The life and legacy of Ventura County Supervisor and longtime Oxnard Mayor Pro-Tem Carmen Ramirez will live on forever at the Museum of Ventura County despite her tragic and unexpected death last year.
Research Library and Archives Director Deya Terrafranca said she saw the outpouring of sentiment after Ramirez was struck by a pickup truck while walking to a concert in Downtown Oxnard on Aug 12. Terrafranca knew right away that items like photographs of a vigil, documents related to issues Ramirez worked on, as well as personal memorabilia should be preserved for the sake of history.
“One of the things that we do is something called rapid-response collecting. And so pretty immediately, I realized that this is something that we could do for the community and could do for future historians and researchers,” she explained.
The museum website homepage now includes a link for people to submit contributions. Only images, electronic documents, videos and audio files are being accepted into the digital archive since the museum is already short on space to store physical items.
The first contributions to the Carmen Ramirez Remembrance Collection include an article about her passing from the Santa Paula Times newspaper and a PowerPoint presentation about her legacy from a charity, Central Coast Alliance United for a Sustainable Economy or CAUSE, with which she was involved. Other materials include a letter from a friend describing trips they took together over the course of several decades to locations including Bulgaria, Turkey and Nicaragua, and a picture of a handmade snowy plover toy, an endangered shorebird Ramirez worked to protect.
Terrafranca said it’s important to strike while the iron is hot when it comes to rapid response collecting.
“People’s memories and recollections fade through time and Carmen was an incredibly important figure in the local community. She was not only a woman leader, but a Latina leader, and I think that it’s especially important, you know, looking at our archives now, they’ve been collected, mostly from the Anglo community,” said Terrafranca. “And I see it as my job to make sure that we, while we are completely out of physical room to take in new materials, we have to collect the stories from all of the communities in Ventura County.
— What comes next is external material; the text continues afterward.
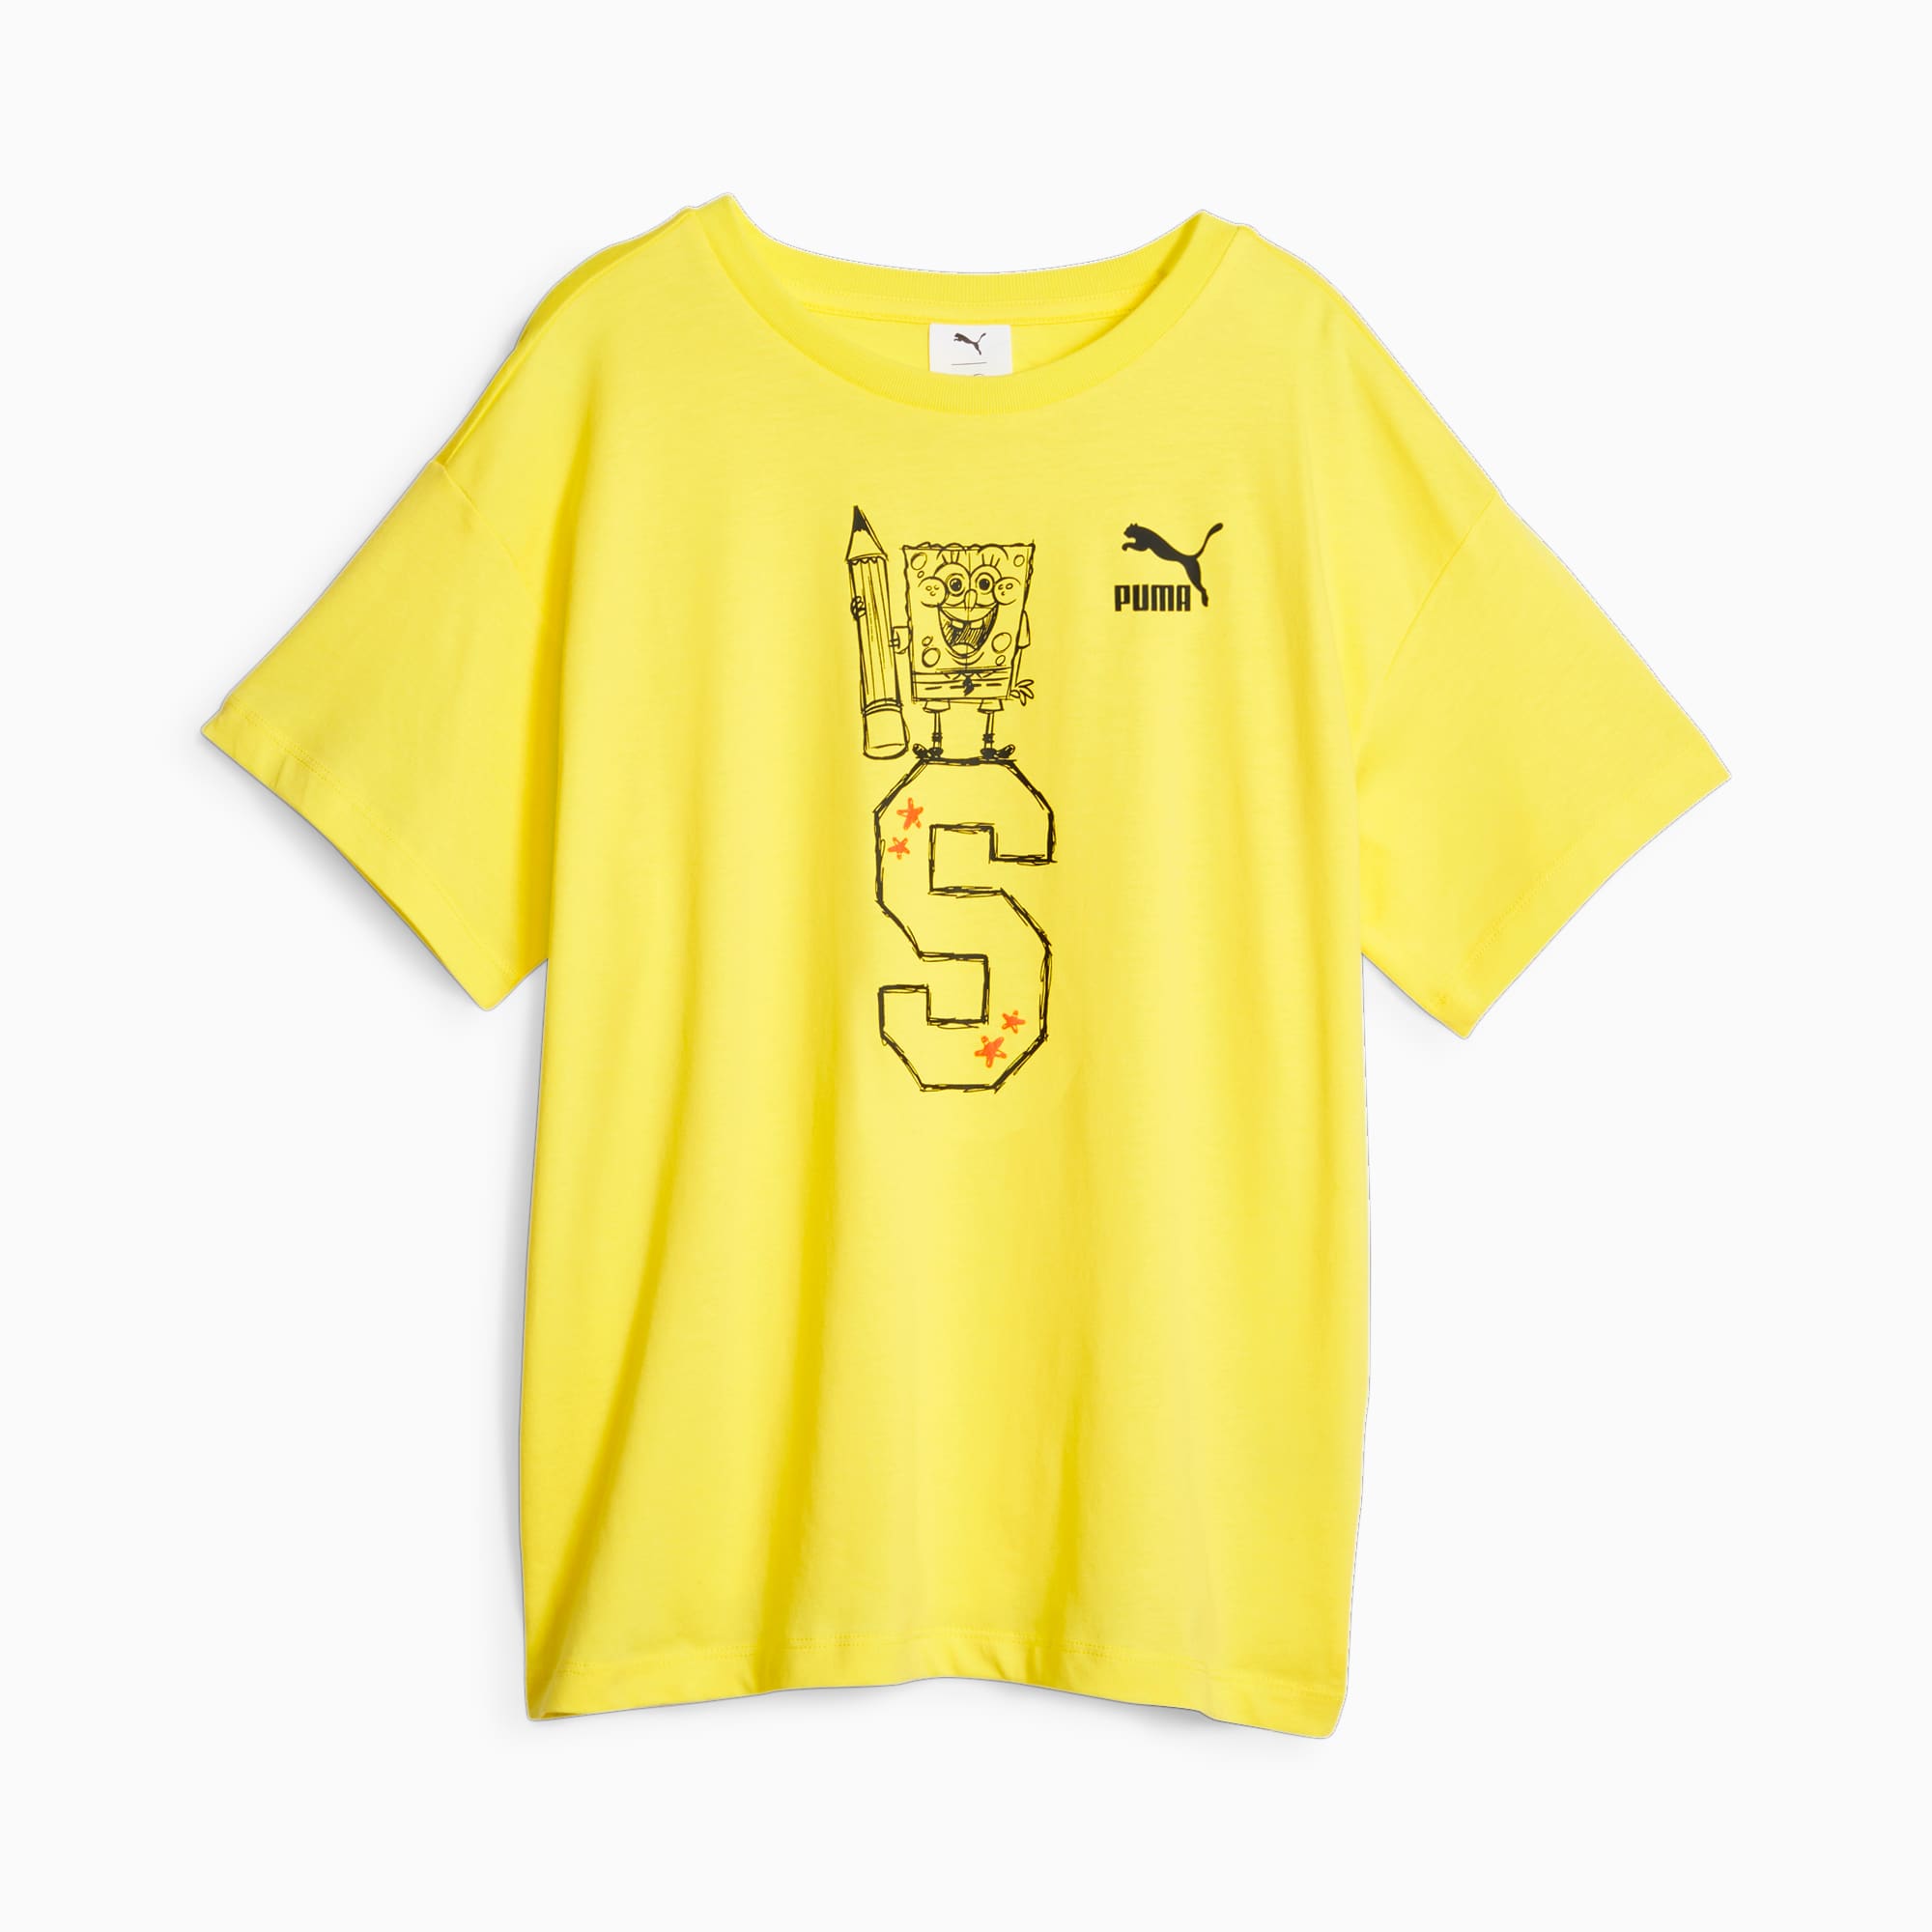 PUMA X Spongebob Squarepants Youth Graphic Tee, Lemon Meringue, Size 128, Clothing

That’s something that hasn’t been done in the past and so it’s of tantamount importance.”
While newspaper articles and official documents related to Ramirez’s time in office are important for historians to consider, Terrafranca said the museum is just as interested in collecting photos, videos and stories that reflect what kind of a person the late supervisor was.
“People had very personal relationships with her, you know. Even if they weren’t great friends with her, they felt as though they had a very personal relationship with her and she was very inspiring. And people had a lot of memories and thoughts and experiences related to her. And so what we are trying to collect is the more personal side of the official record of who Carmen was to the community,” the museum archivist said.
Ramirez was elected to the board of supervisors in 2020 and was the first Latina member. She was less than half way through her first term and was serving as board chairperson when she died at age 73.